### Your goal
Output the full listing below exactly as it reads, and skip anything that is a picture.

### Data block

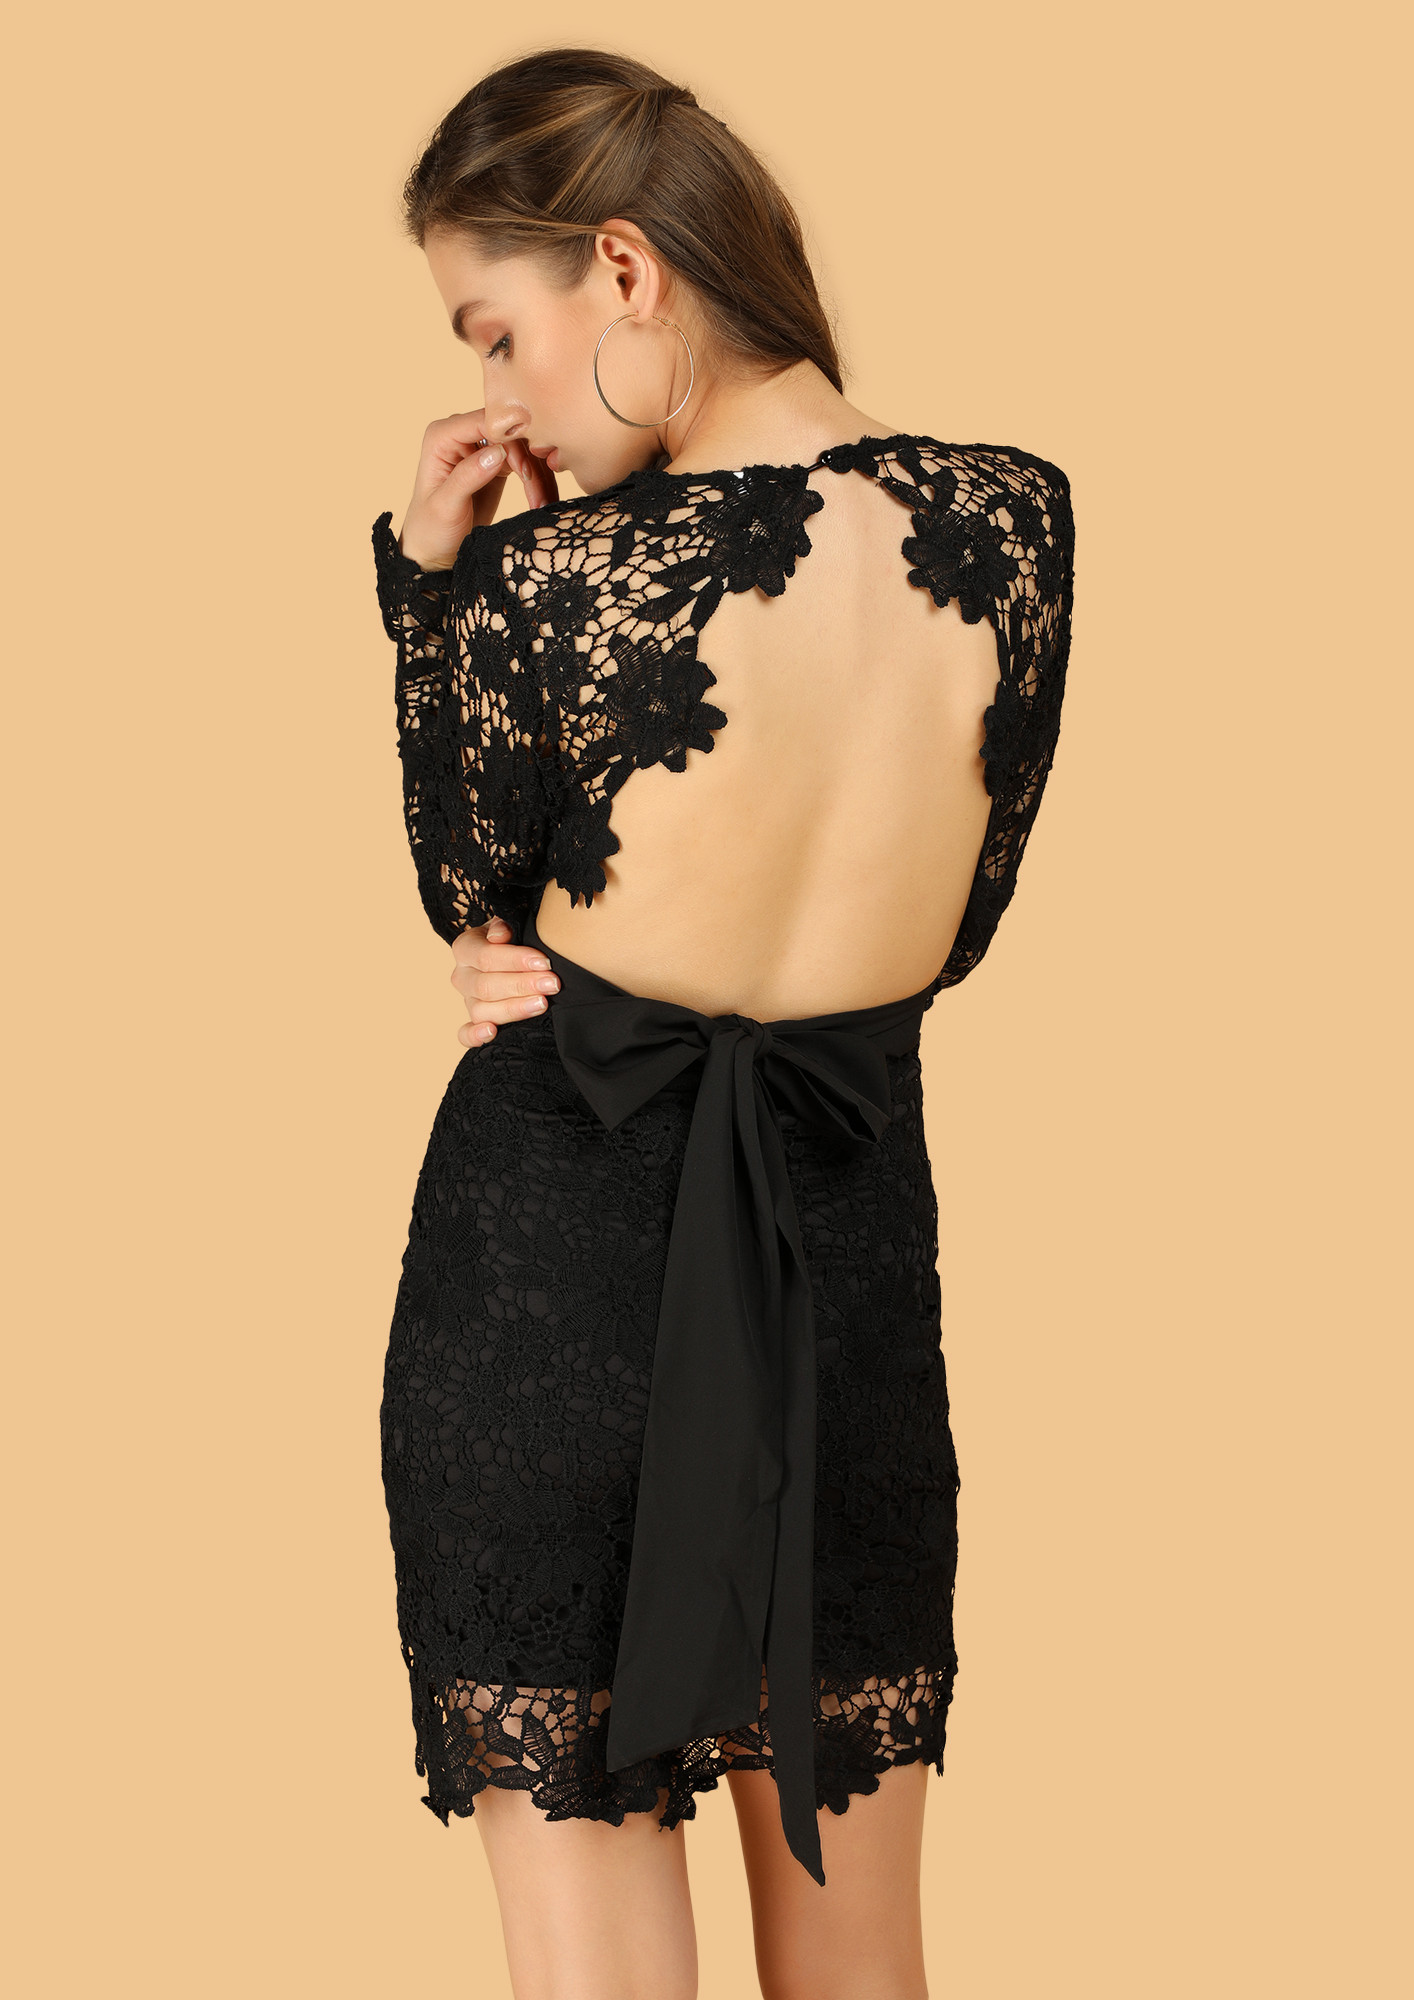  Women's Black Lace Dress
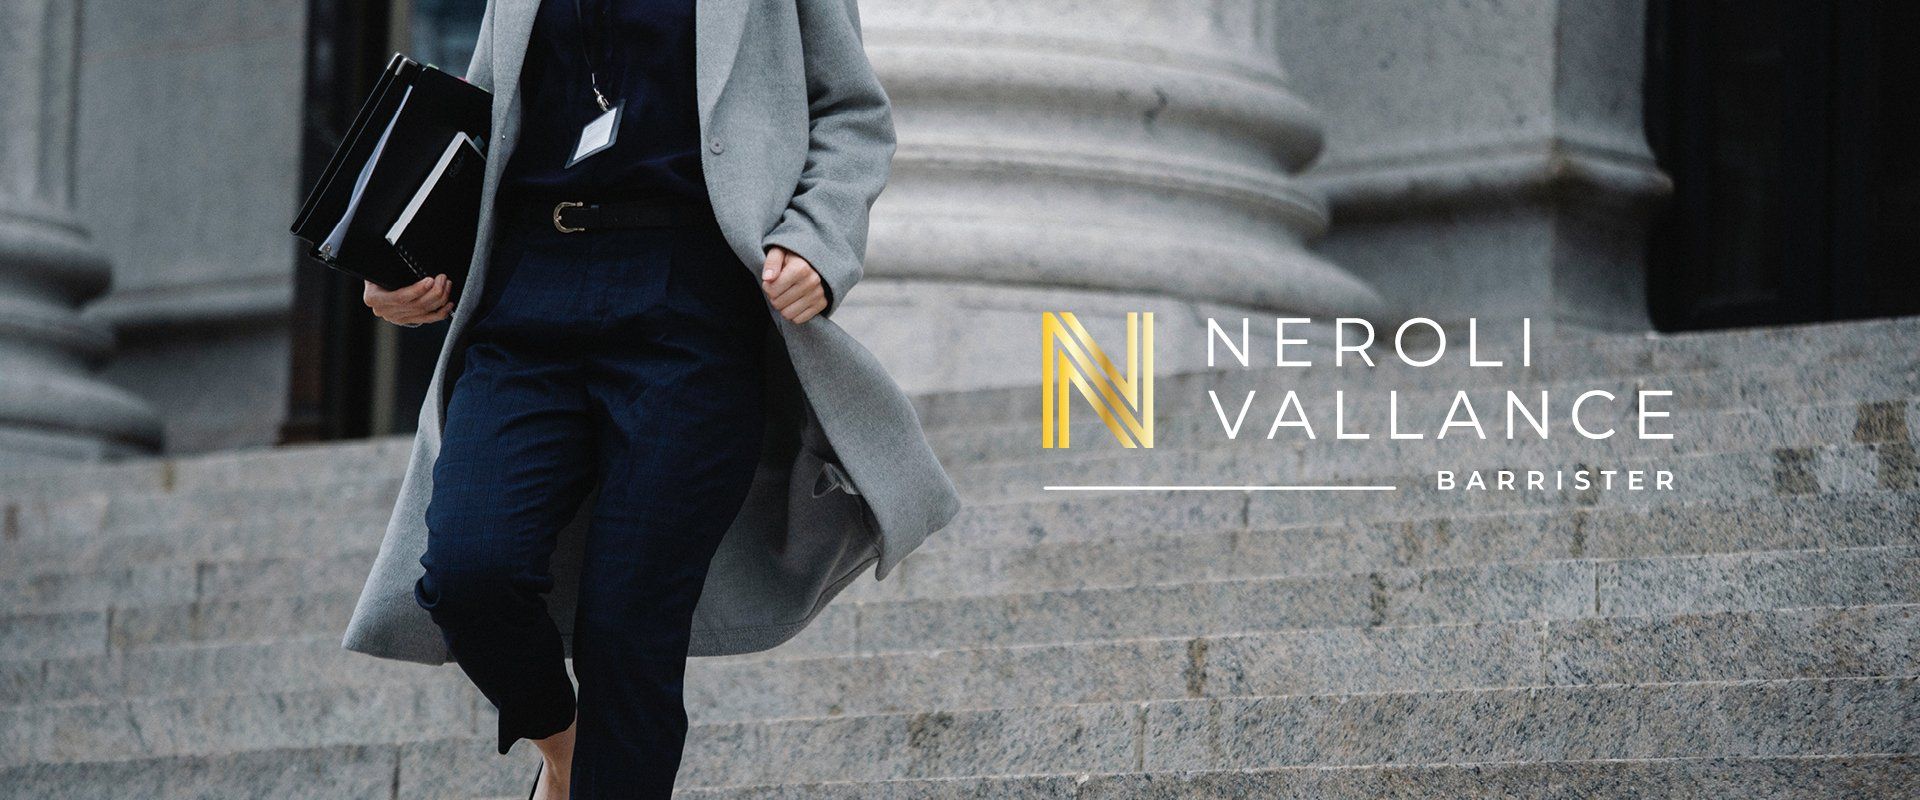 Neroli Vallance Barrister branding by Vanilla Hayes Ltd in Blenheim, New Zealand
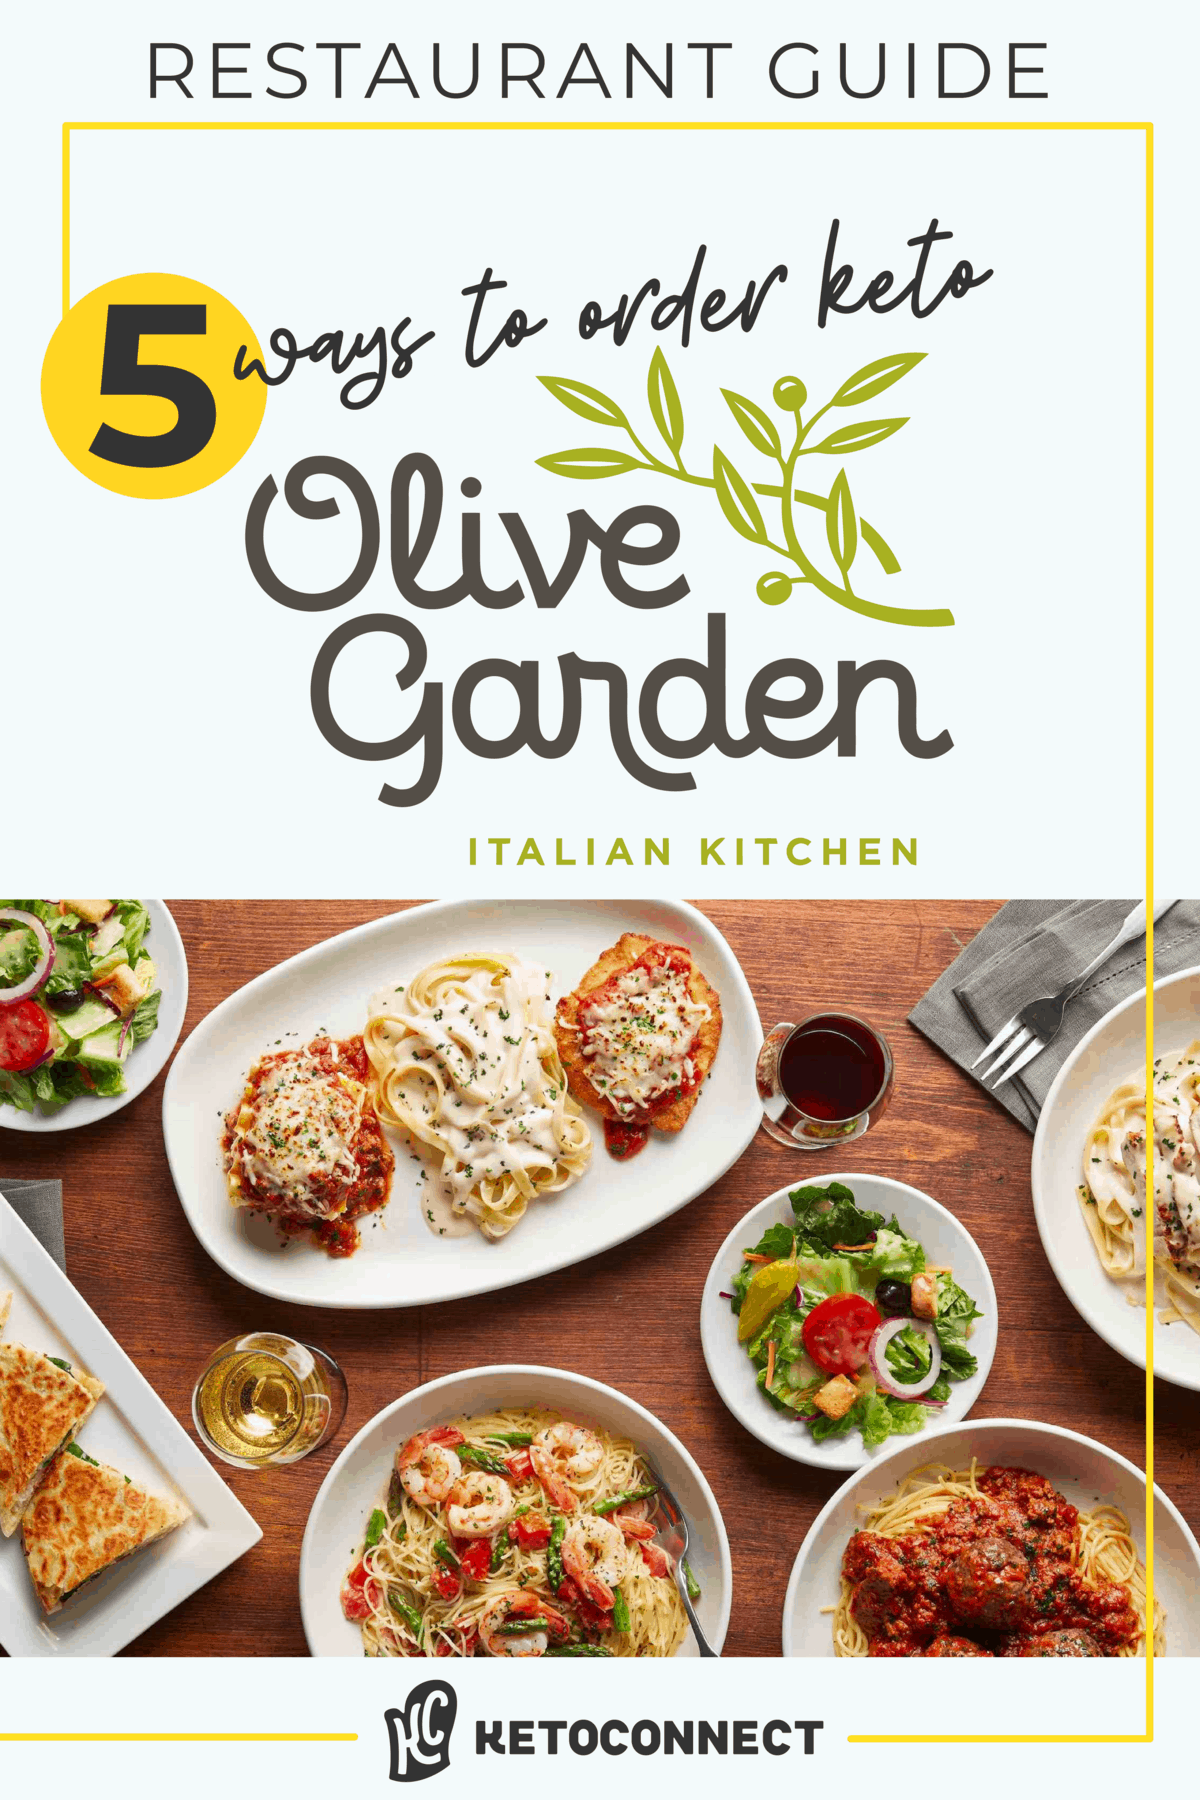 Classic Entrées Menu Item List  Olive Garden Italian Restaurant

### Written solution
  Women's Black Lace Dress
 Neroli Vallance Barrister branding by Vanilla Hayes Ltd in Blenheim, New Zealand
 Classic Entrées Menu Item List  Olive Garden Italian Restaurant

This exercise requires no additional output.